Scott Jehl recently tweeted:

Browser devtools have made redesigning a site such a pleasure. I love writing and adjusting a CSS file right in the sources panel and seeing design changes happen as I type, and saving it back to the file. (…) Designing against live HTML allows happy accidents and discoveries to happen that I wouldn't think of in an unconstrained design mockup

I feel very late to the party here. I tend to tinker in the DevTools Element Styles panel rather than save changes. So, inspired by Scott, I’ve just tried this out on my personal website. Here’s what I did.

  1. started up my 11ty-based site locally which launches a localhost URL for viewing it in the browser;
  2. opened Chrome’s DevTools at Sources;
  3. checked the box “Enable local overrides” then followed the prompts to allow access to the folder containing my SCSS files;
  4. opened an SCSS file in the Sources tab for editing side-by-side with my site in the browser;
  5. made a change, hit Cmd-S to save and marvelled at the fact that this updated that file, as confirmed by a quick git status check.
  6. switched to the Elements panel, opened its Styles subpanel, made an element style change there too, then confirmed that this alternative approach also saves changes to a file.

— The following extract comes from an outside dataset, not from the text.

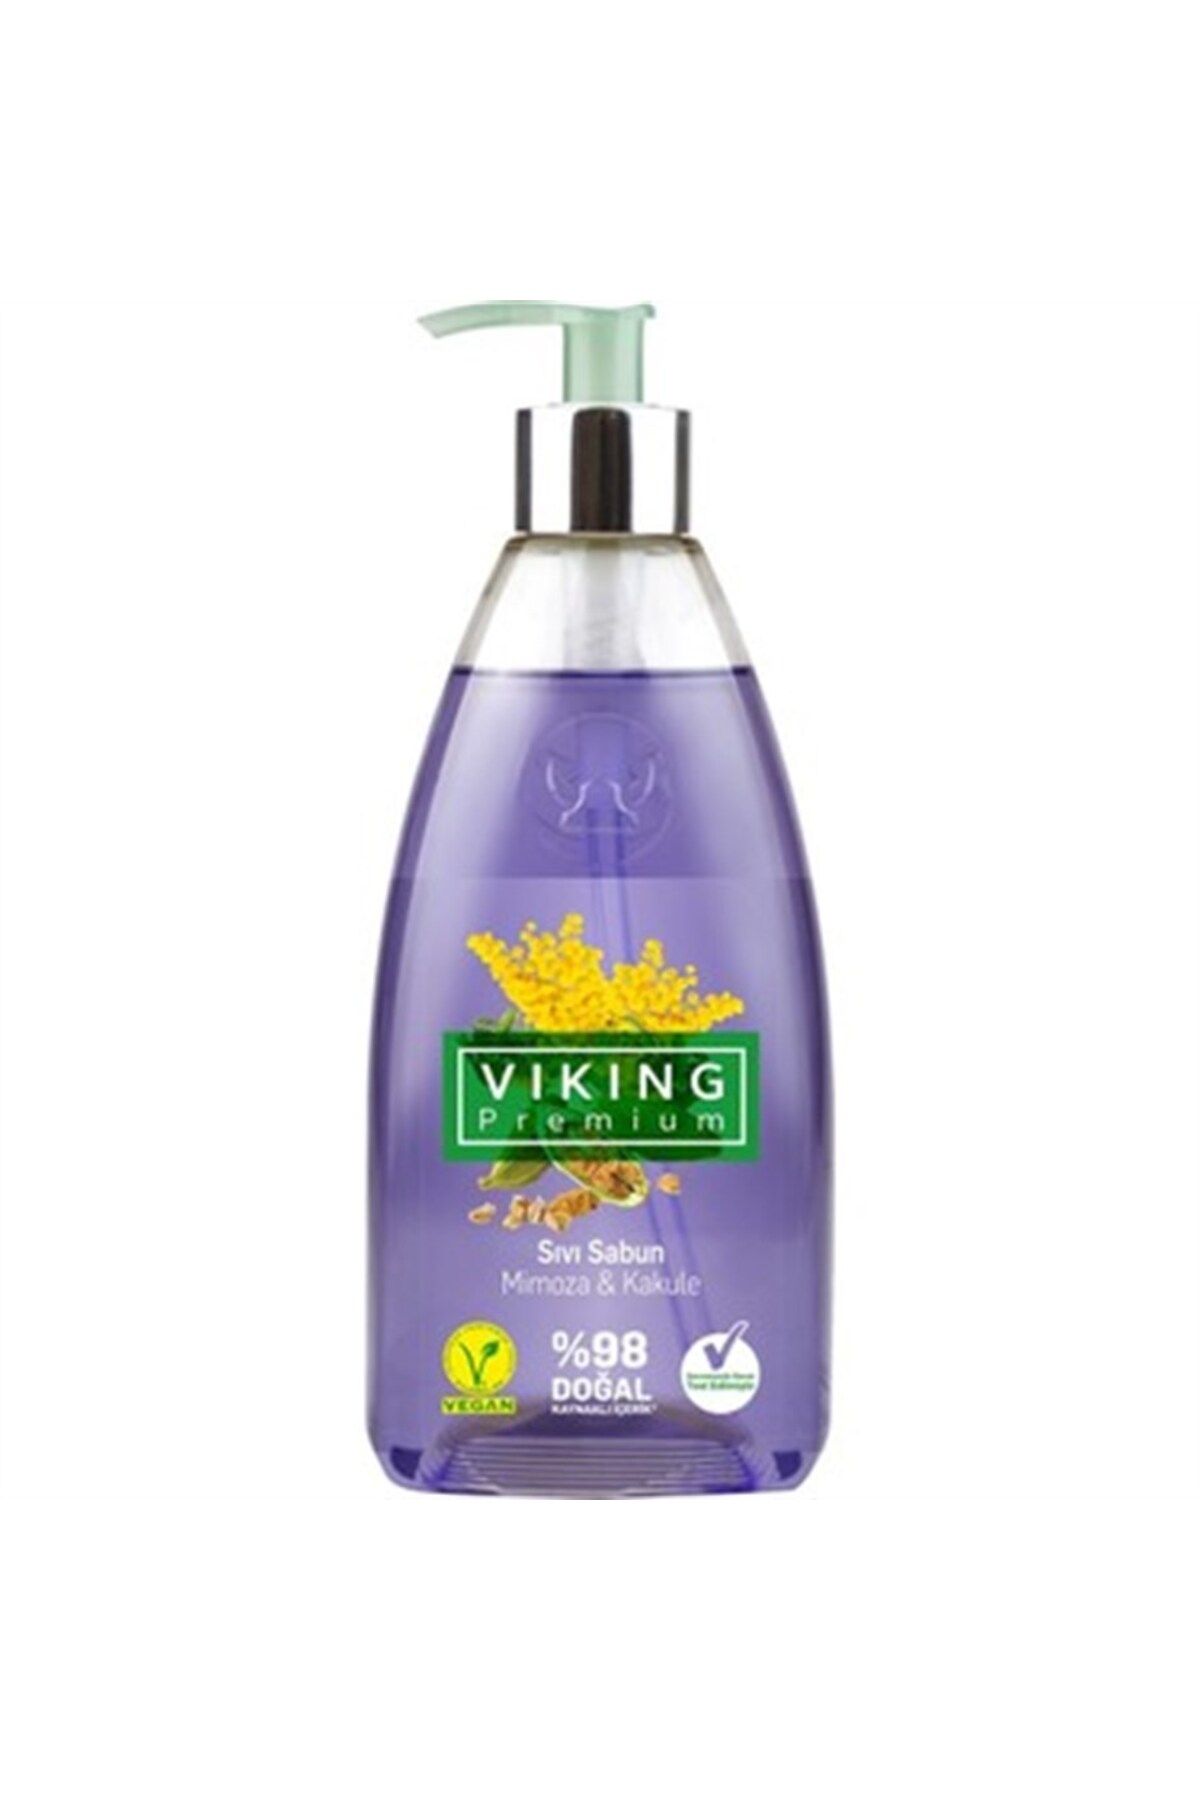 Viking Premium Sıvı El Sabunu Mimoza 500 ml

This is a really interesting and efficient way of working in the browser and I can see me using it.

There are also a couple of challenges which I’ll probably want to consider. Right now when I make a change to a Sass file, the browser takes a while to reflect that change, which diminishes the benefit of this approach. My site is set up such that Eleventy watches for changes to the sass folder as a trigger for rebuilding the static site. This is because for optimal performance I’m purging the compiled and combined CSS and inlining that into the <head> of every file… which unfortunately means that when the CSS is changed, every file needs rebuilt. So I need to wait for Eleventy to do its build thing until the page I’m viewing shows my CSS change.

To allow my SCSS changes to be built and reflected faster I might consider no longer inlining CSS, or only inlining a small amount of critical stuff… or maybe (as best of all worlds) only do the inlining for production builds but not in development. Yeah, I like that latter idea. Food for thought!